§ TASK TO COMPLETE
Return exactly the lines below, starting with the one that has "慣らすスーパー加速度足指セパレーター 4本指 足の痛みを軽減" and going on through the one that has "ゲーム内で何かが出てくる音の未再生の波形".

§ INFORMATION GIVEN
*** Begin section ***

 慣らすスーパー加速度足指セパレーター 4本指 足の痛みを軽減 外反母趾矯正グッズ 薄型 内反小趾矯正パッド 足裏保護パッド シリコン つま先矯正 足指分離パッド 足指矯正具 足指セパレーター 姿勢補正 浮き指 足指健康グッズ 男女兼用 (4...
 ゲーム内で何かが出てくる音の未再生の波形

*** End section ***
*** Begin section ***

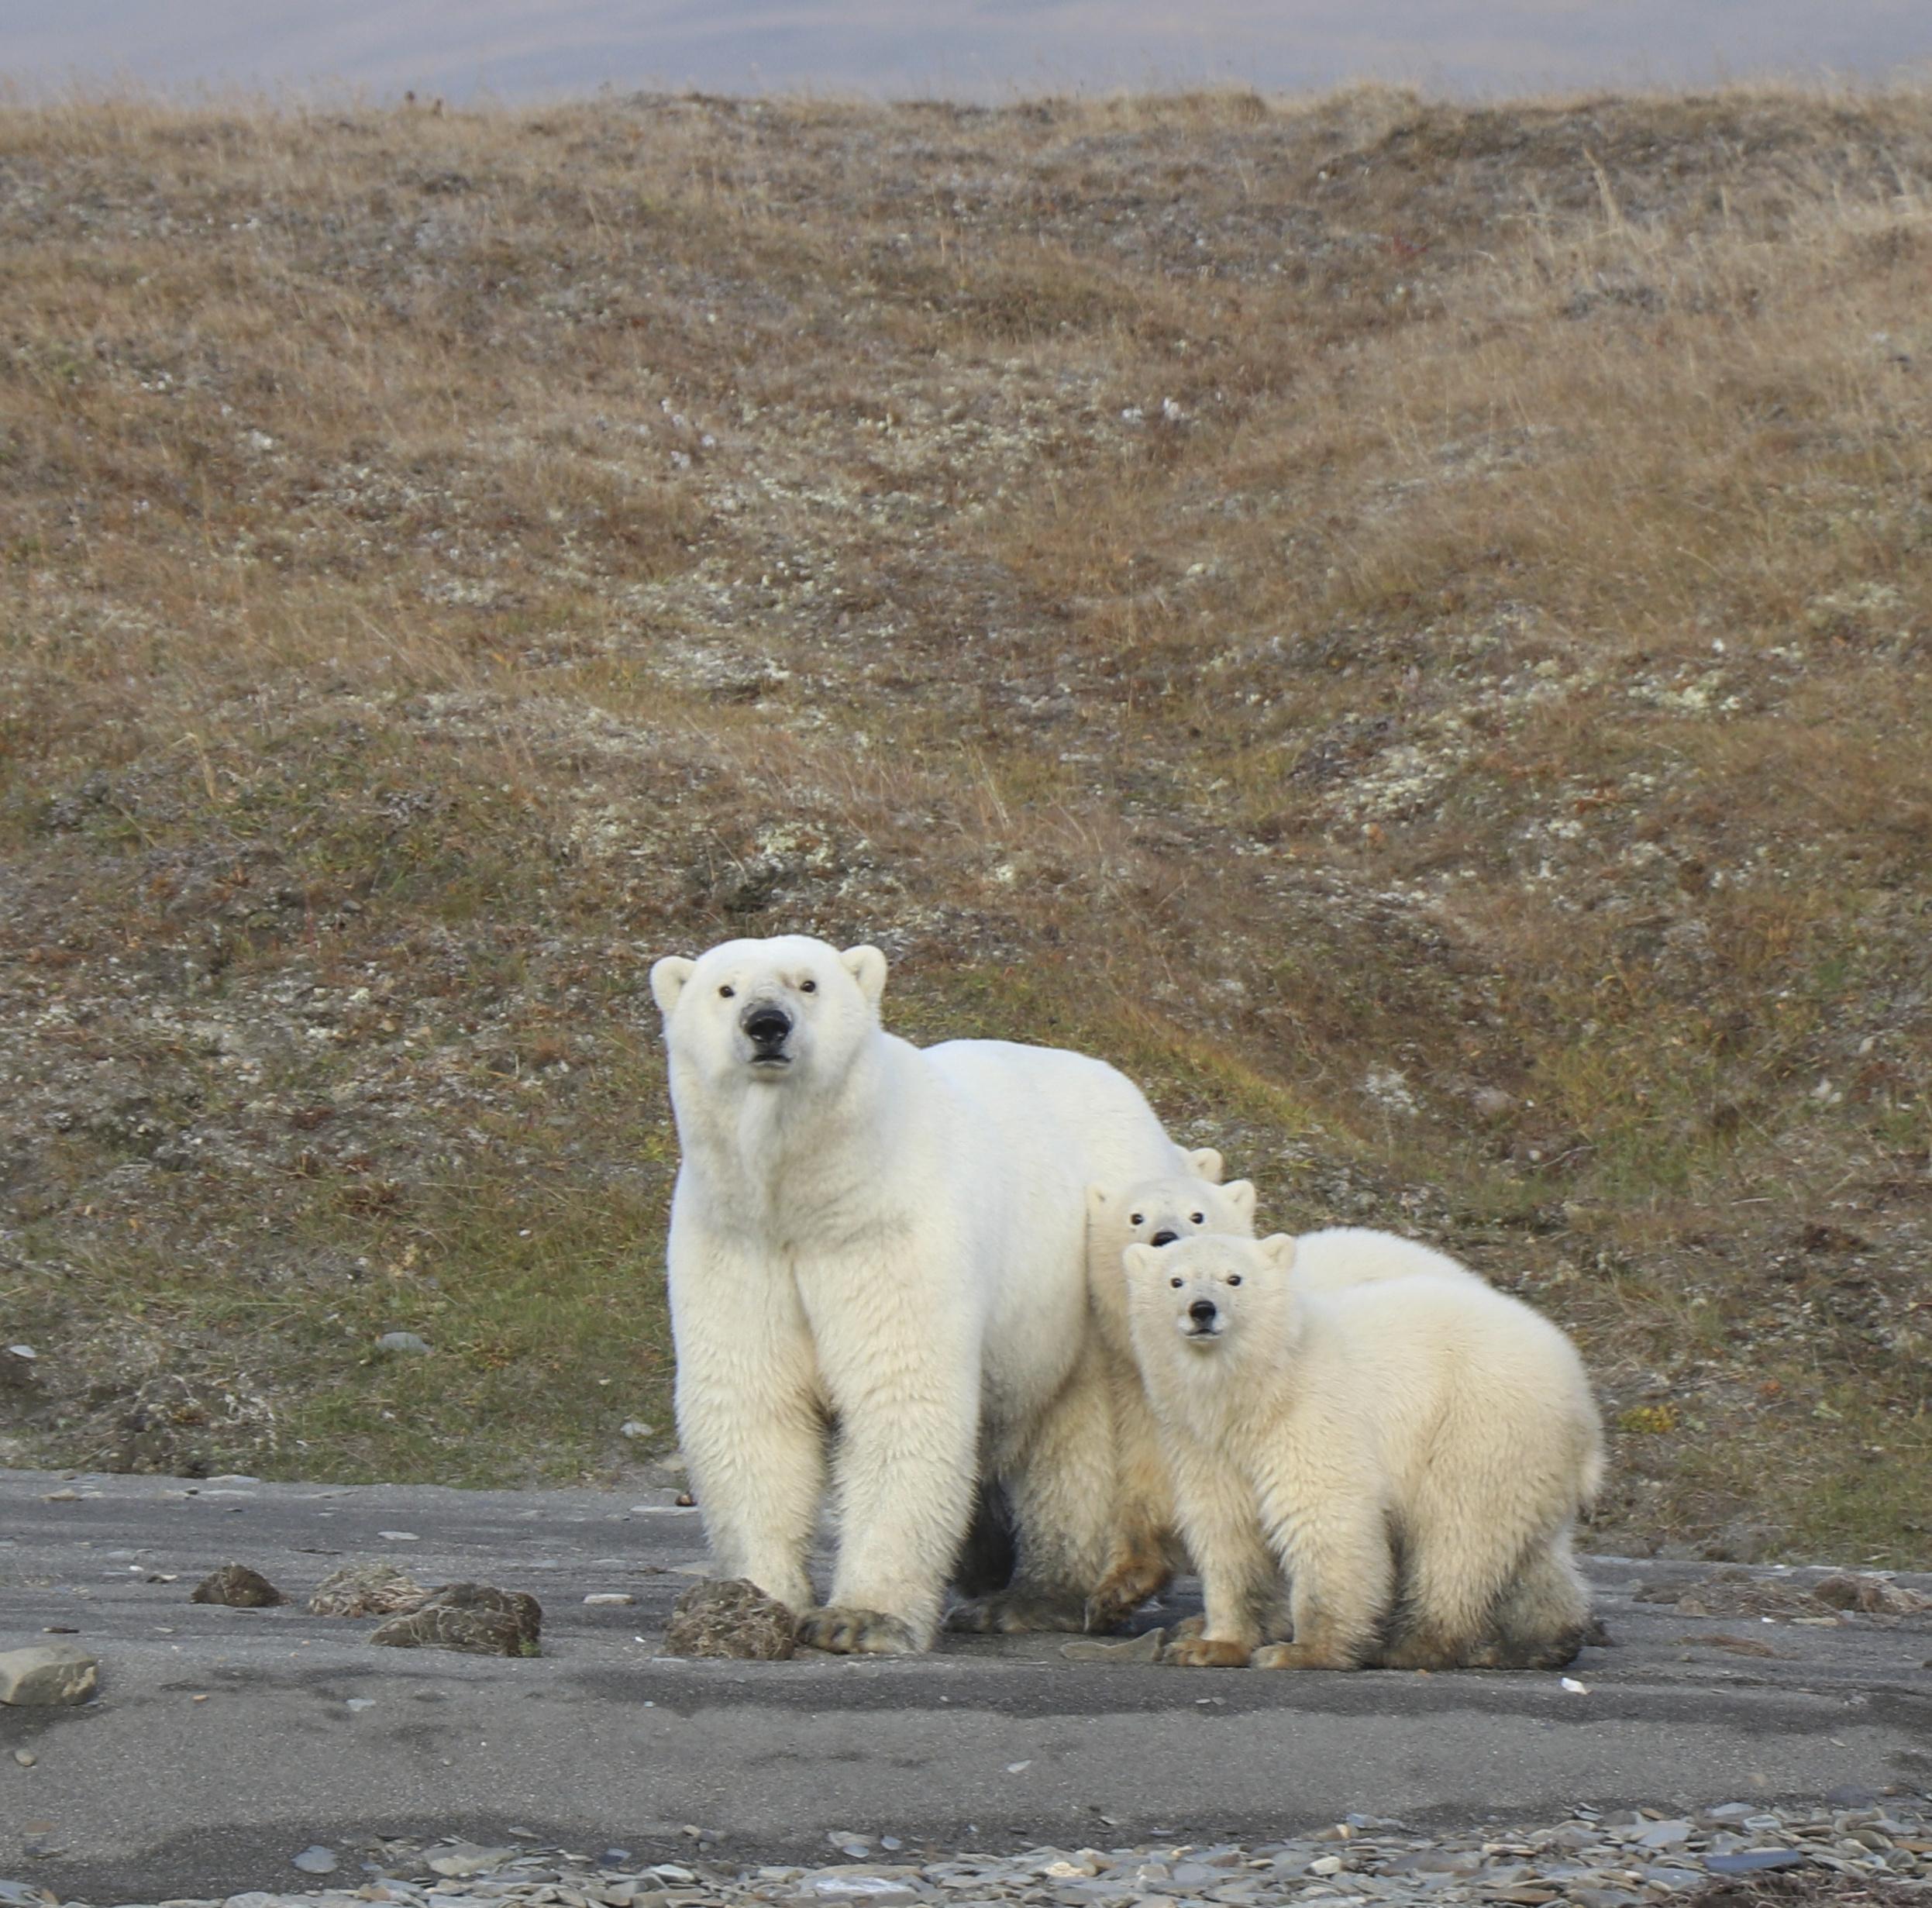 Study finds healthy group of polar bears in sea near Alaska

*** End section ***

§ EXERCISE SOLUTION
 慣らすスーパー加速度足指セパレーター 4本指 足の痛みを軽減 外反母趾矯正グッズ 薄型 内反小趾矯正パッド 足裏保護パッド シリコン つま先矯正 足指分離パッド 足指矯正具 足指セパレーター 姿勢補正 浮き指 足指健康グッズ 男女兼用 (4...
 ゲーム内で何かが出てくる音の未再生の波形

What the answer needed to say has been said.